### REQUIRED ACTION
Give the data back exactly. Leave out any images.

### STORED DATA

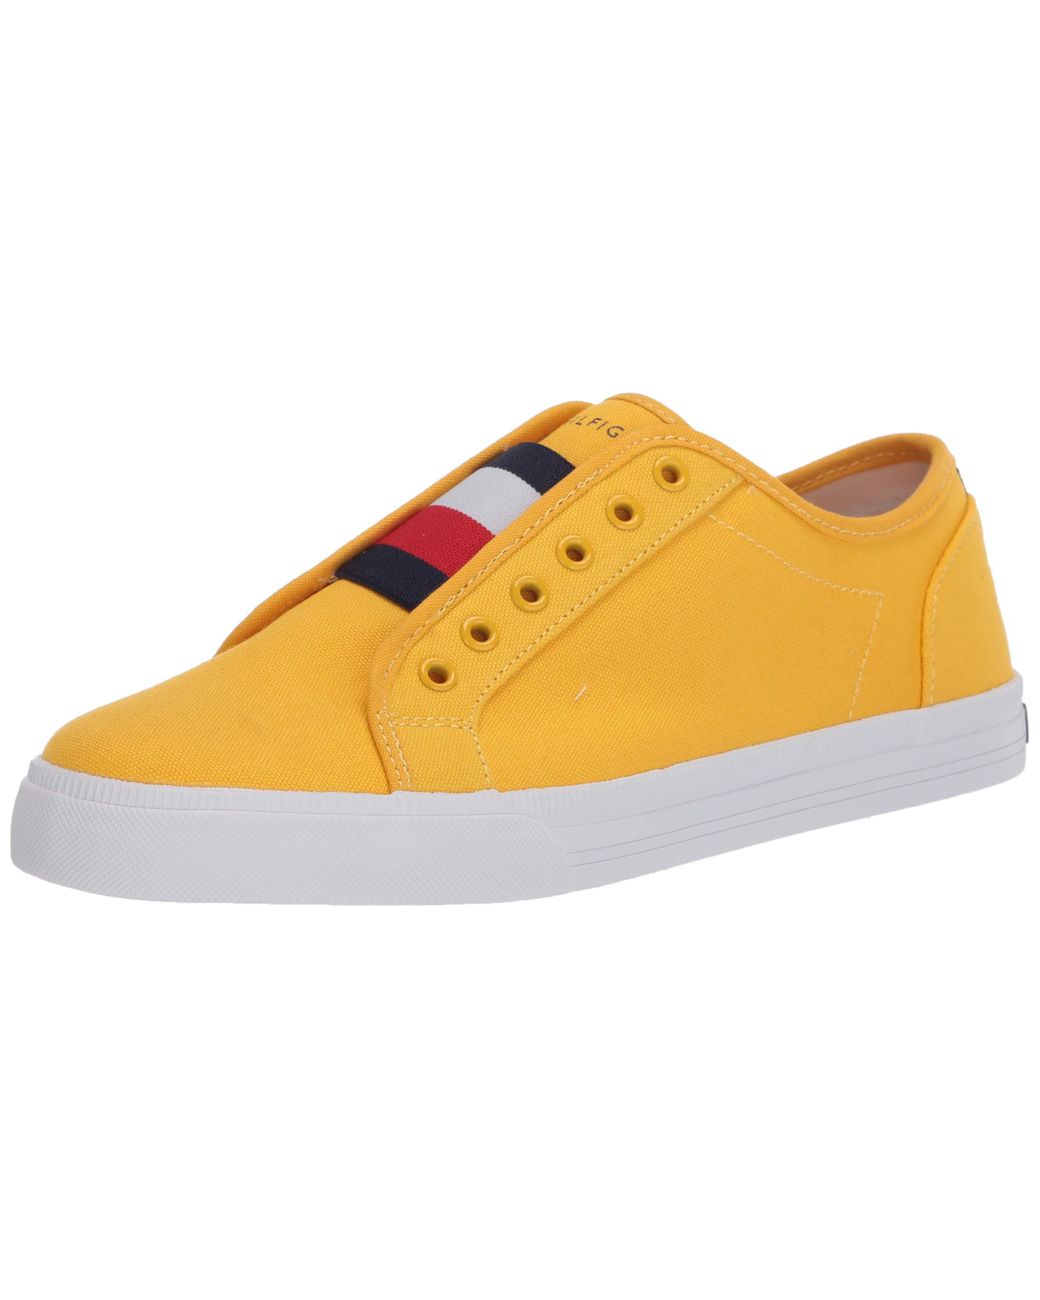 Tommy Hilfiger Anni Slip-on Sneaker in Yellow | Lyst
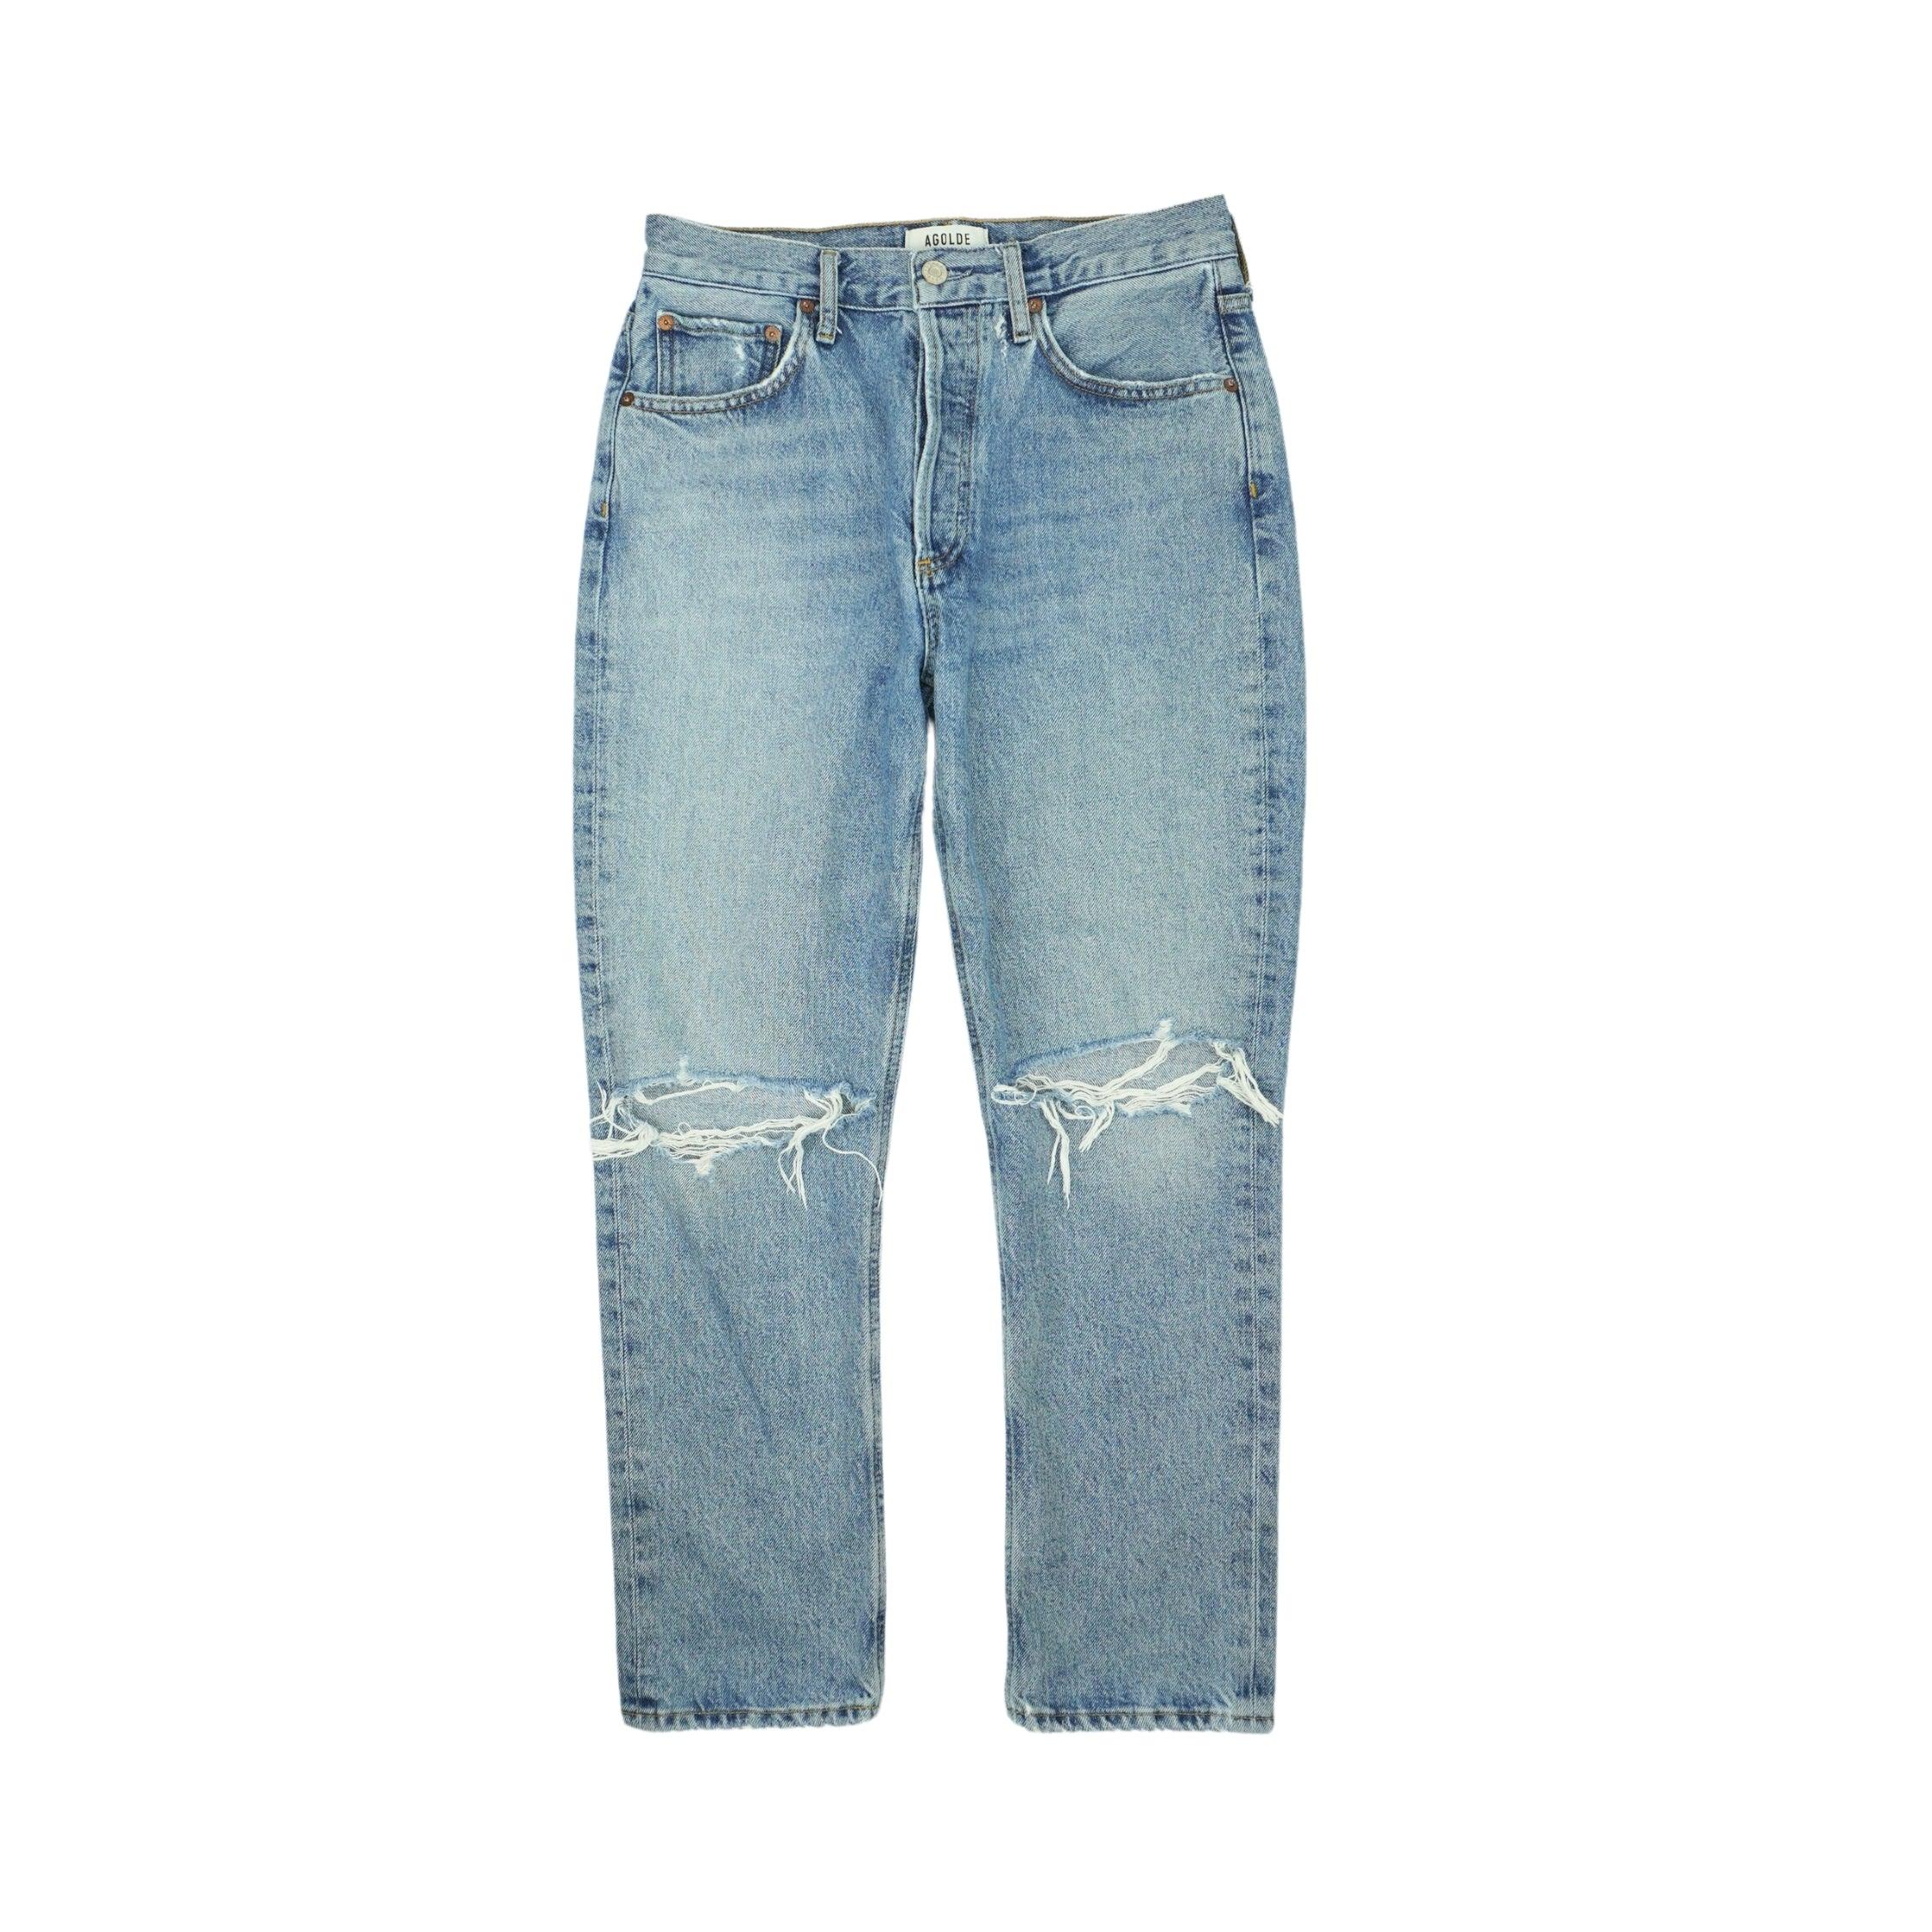 AGOLDE Jeans - Women's 27 - Fashionably Yours
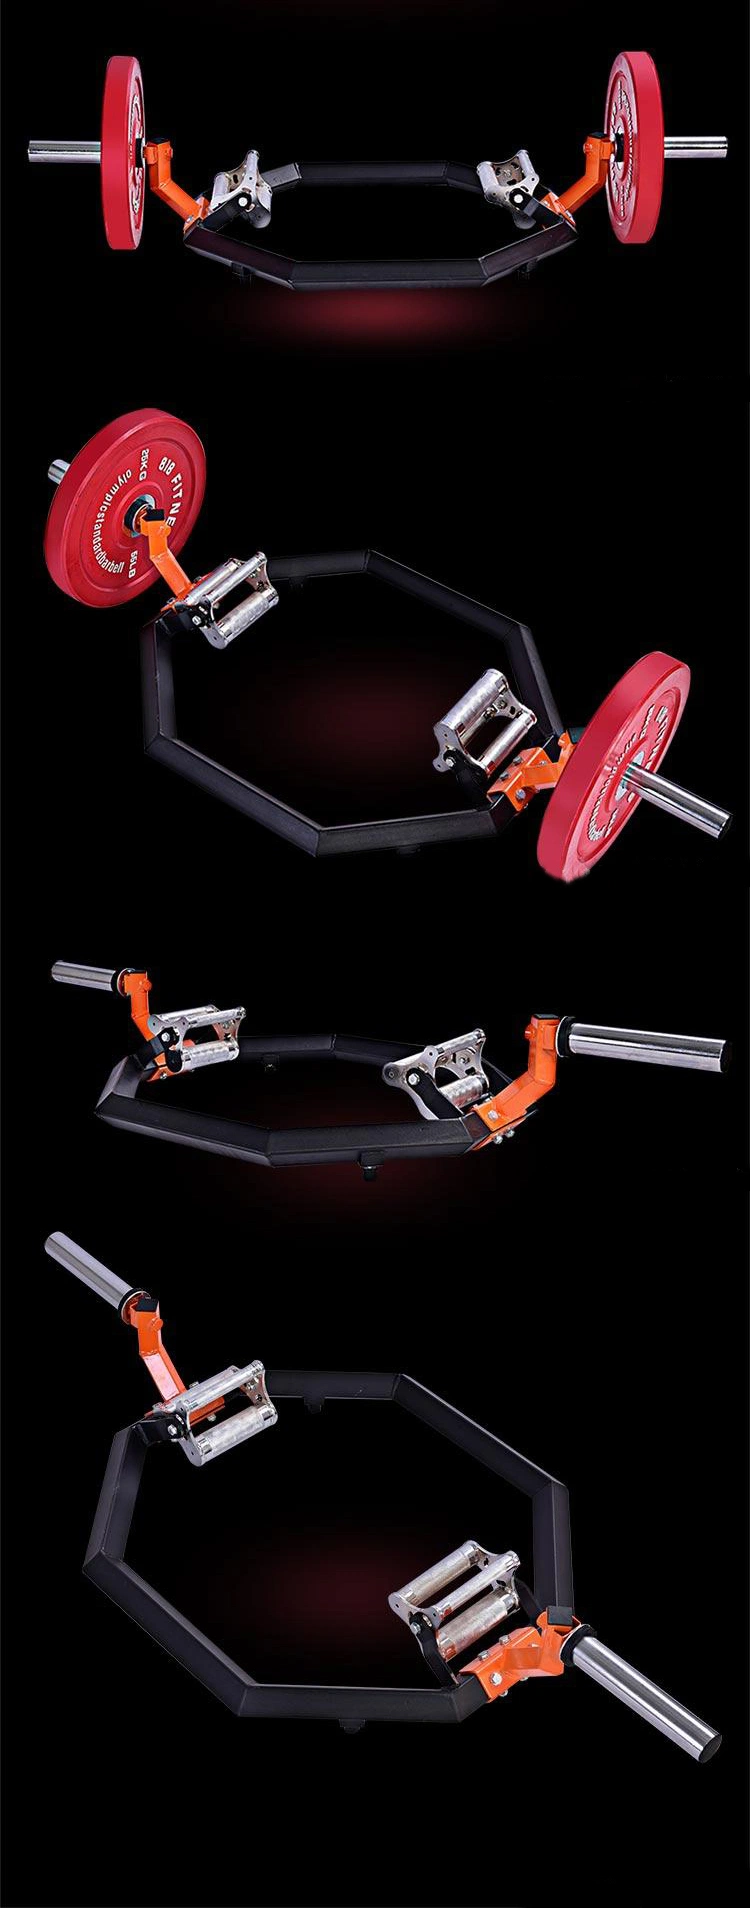 Commercial Power Lifting Gym Equipment Body Building Fitness Weight Lifting Rotating Hex Bar

### SOLUTION FOR THIS TASK
 Tommy Hilfiger Anni Slip-on Sneaker in Yellow | Lyst
 AGOLDE Jeans - Women's 27 - Fashionably Yours
 Commercial Power Lifting Gym Equipment Body Building Fitness Weight Lifting Rotating Hex Bar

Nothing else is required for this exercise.